MATERIAL FOR THIS EXERCISE
BEGIN
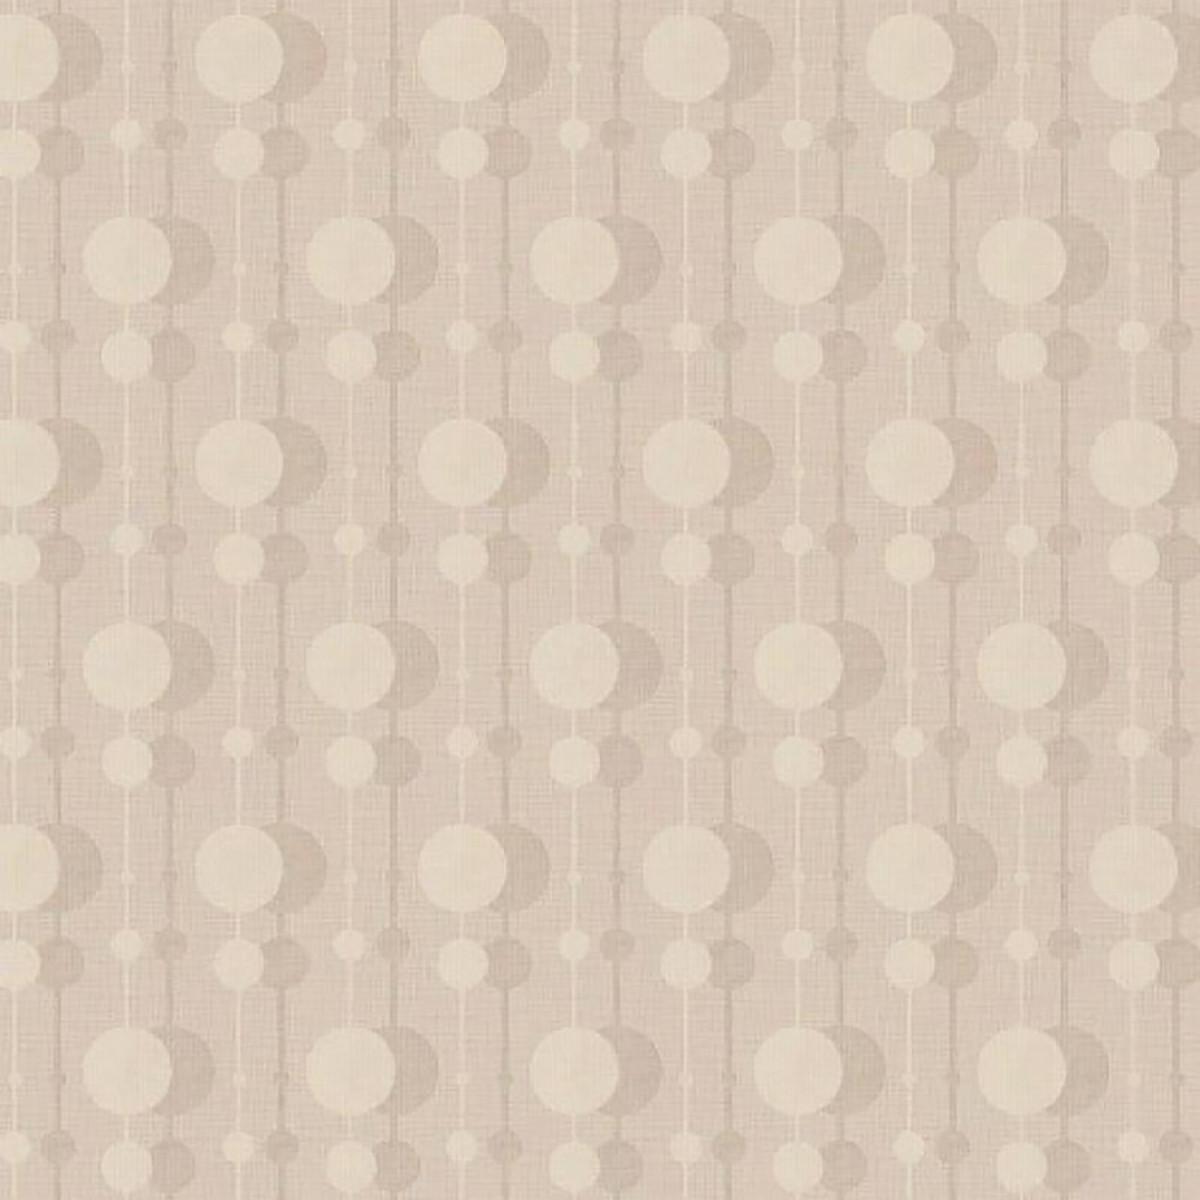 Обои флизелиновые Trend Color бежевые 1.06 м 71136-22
END
BEGIN
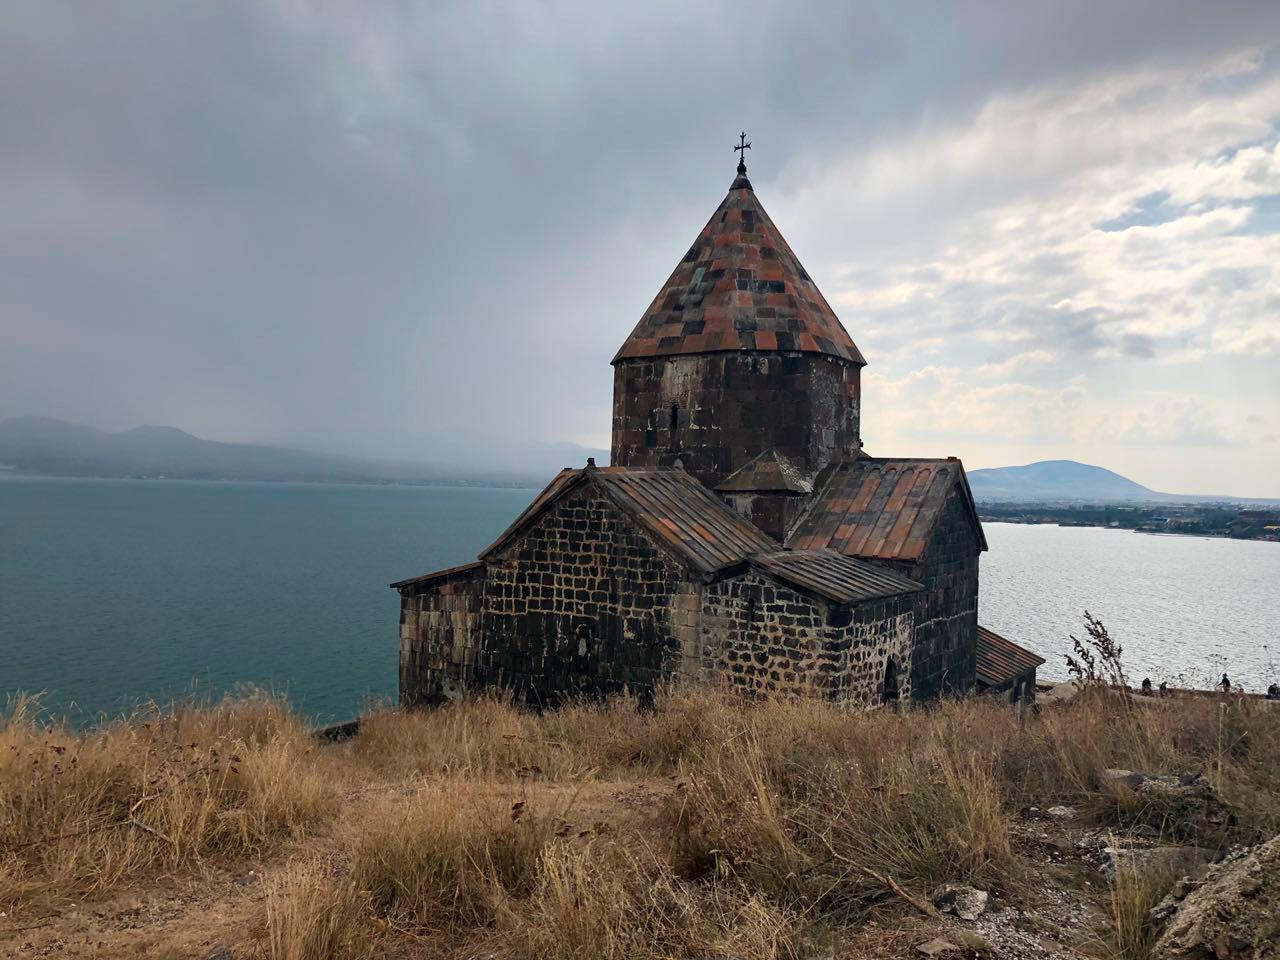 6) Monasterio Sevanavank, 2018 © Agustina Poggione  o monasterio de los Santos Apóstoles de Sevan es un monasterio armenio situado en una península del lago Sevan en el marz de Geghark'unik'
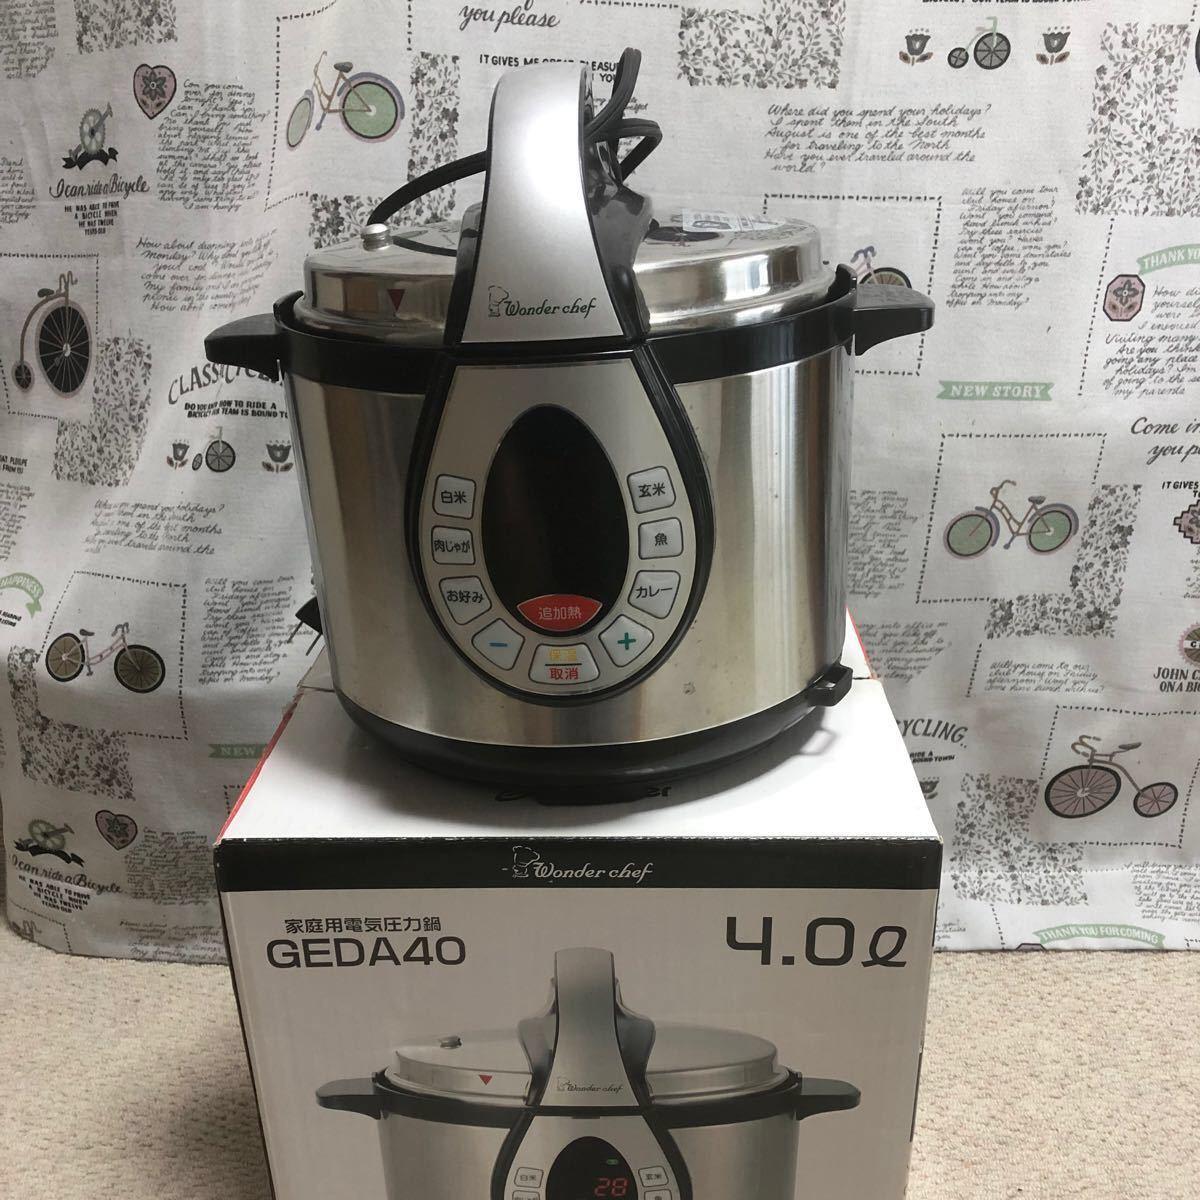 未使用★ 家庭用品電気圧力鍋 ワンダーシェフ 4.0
END
BEGIN
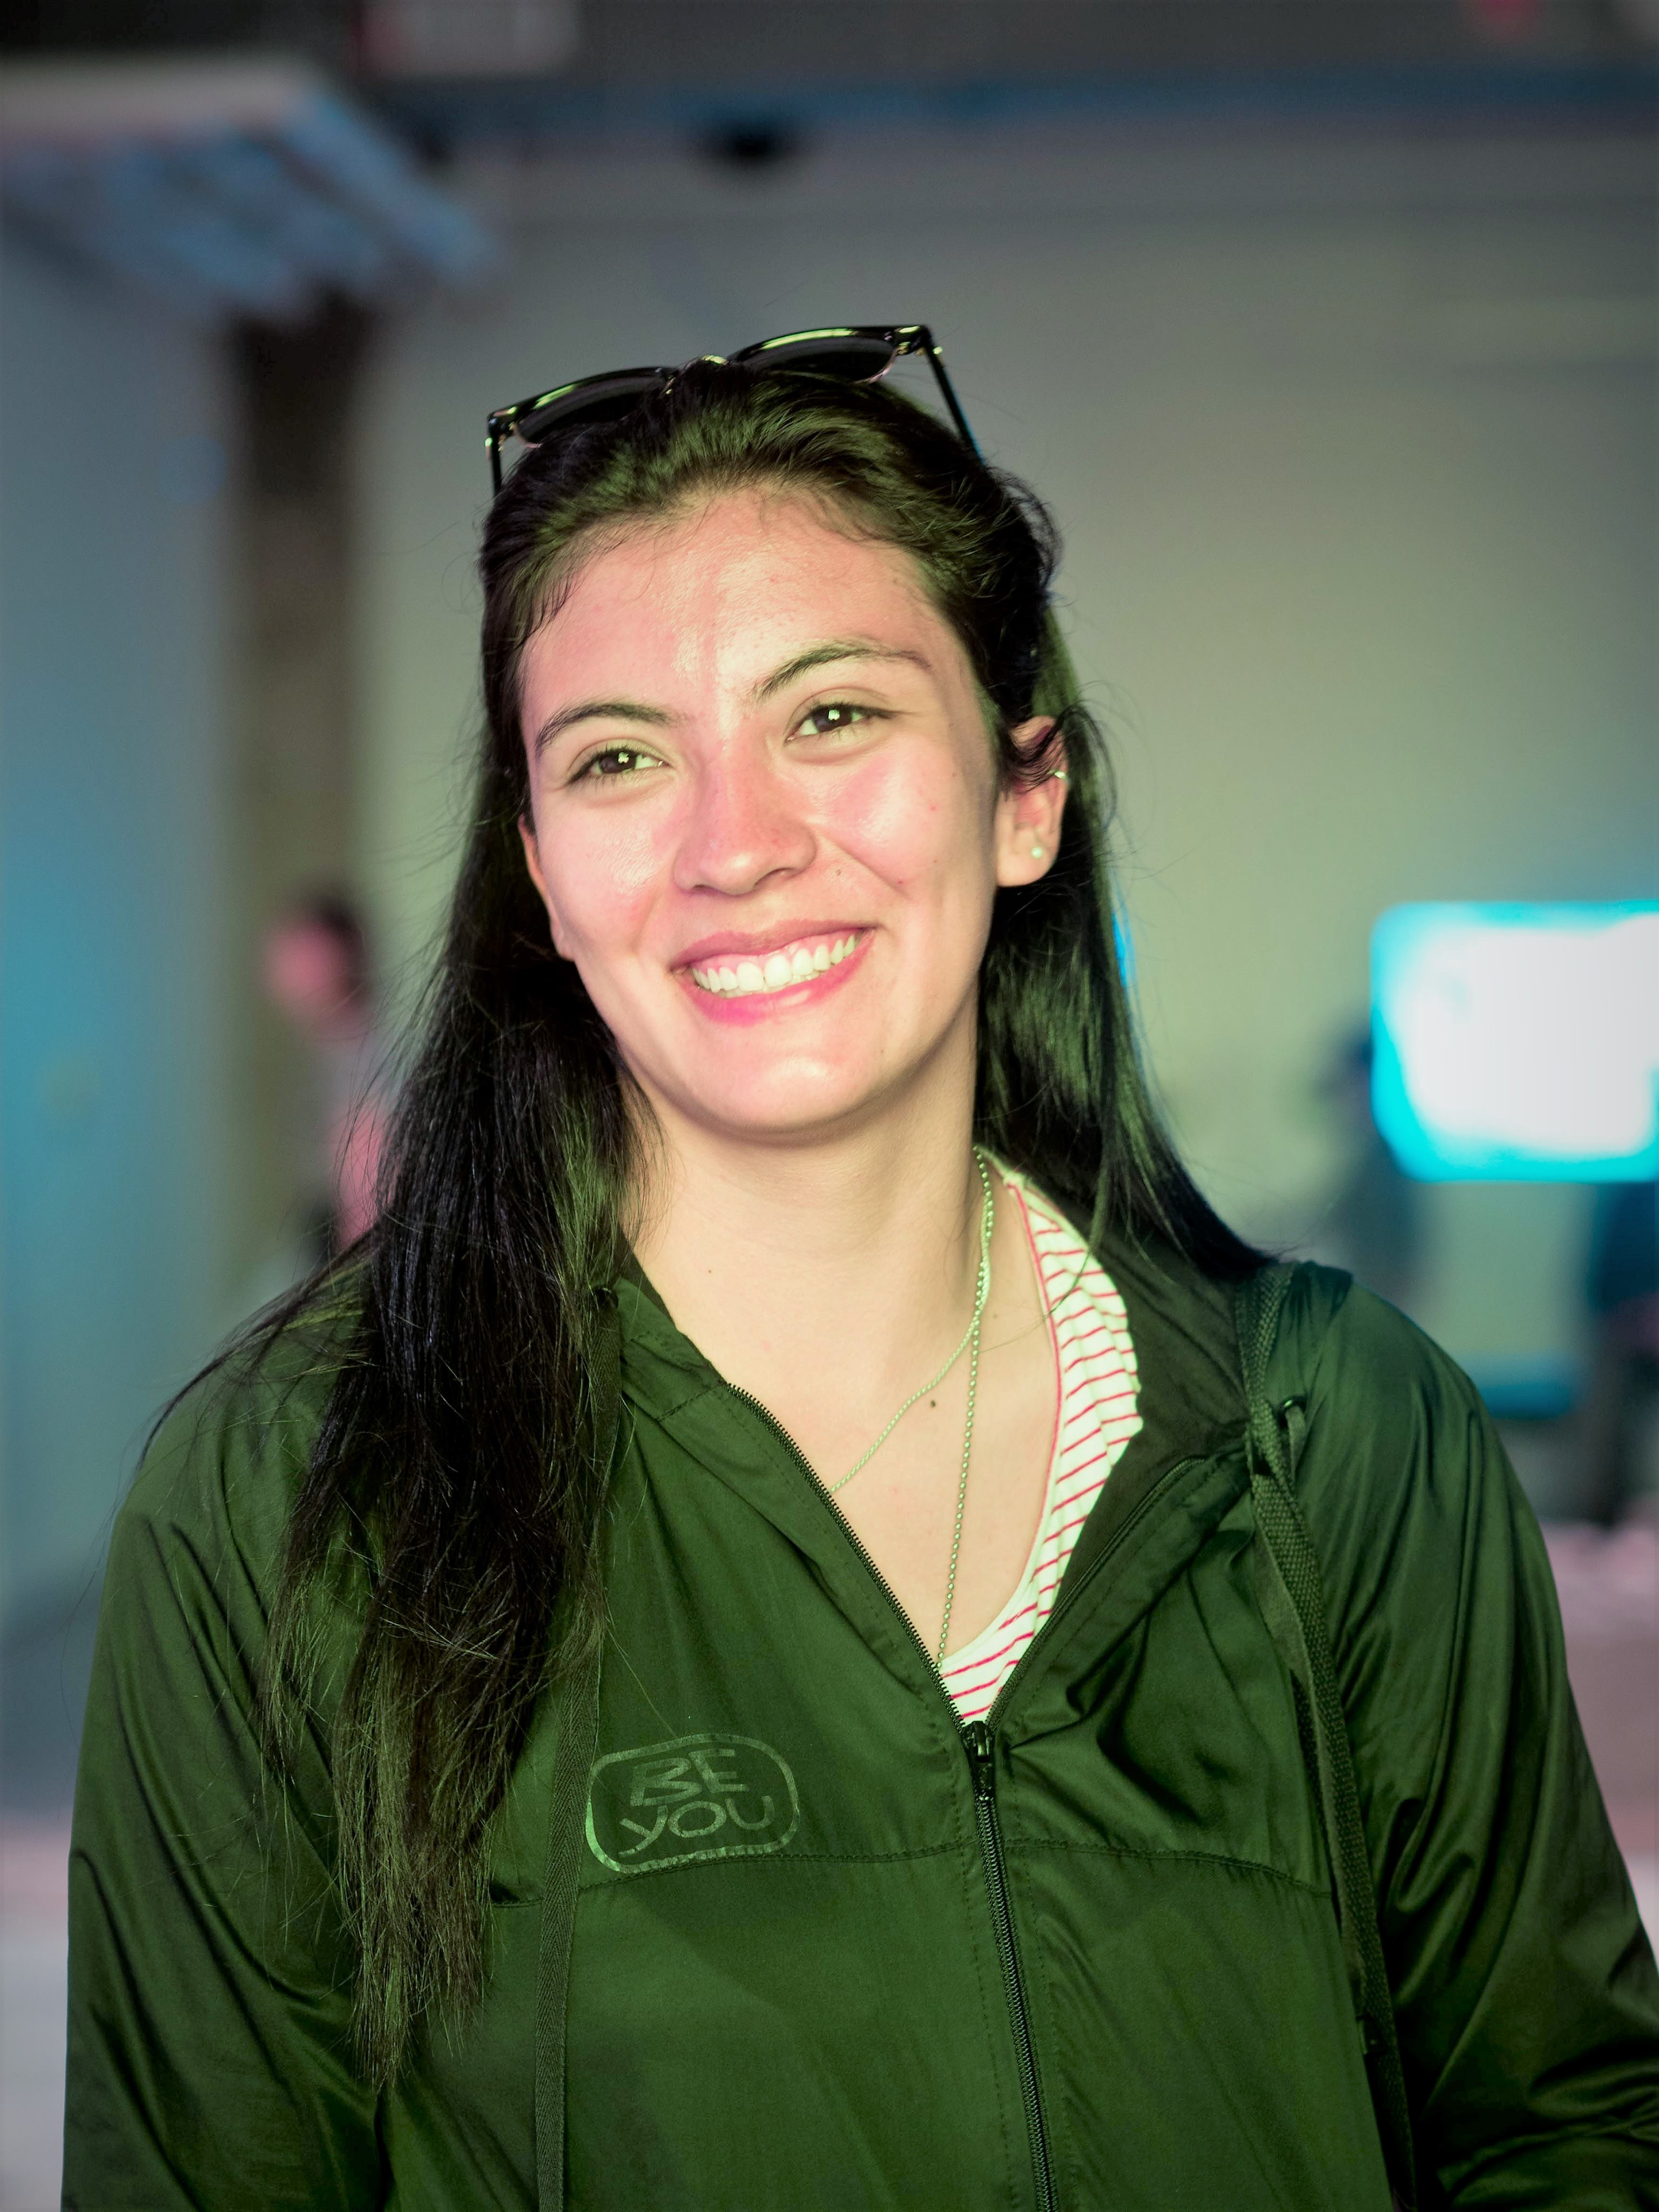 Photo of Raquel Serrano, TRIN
END
DESCRIPTION OF THE TASK
What you write out is the stretch of entries from the line containing "6) Monasterio Sevanavank, 2018" to the line containing "未使用★ 家庭用品電気圧力鍋 ワンダーシェフ 4.0", word for word, with both end lines and no pictures.

SOLUTION TO THIS EXERCISE
 6) Monasterio Sevanavank, 2018 © Agustina Poggione  o monasterio de los Santos Apóstoles de Sevan es un monasterio armenio situado en una península del lago Sevan en el marz de Geghark'unik'
 未使用★ 家庭用品電気圧力鍋 ワンダーシェフ 4.0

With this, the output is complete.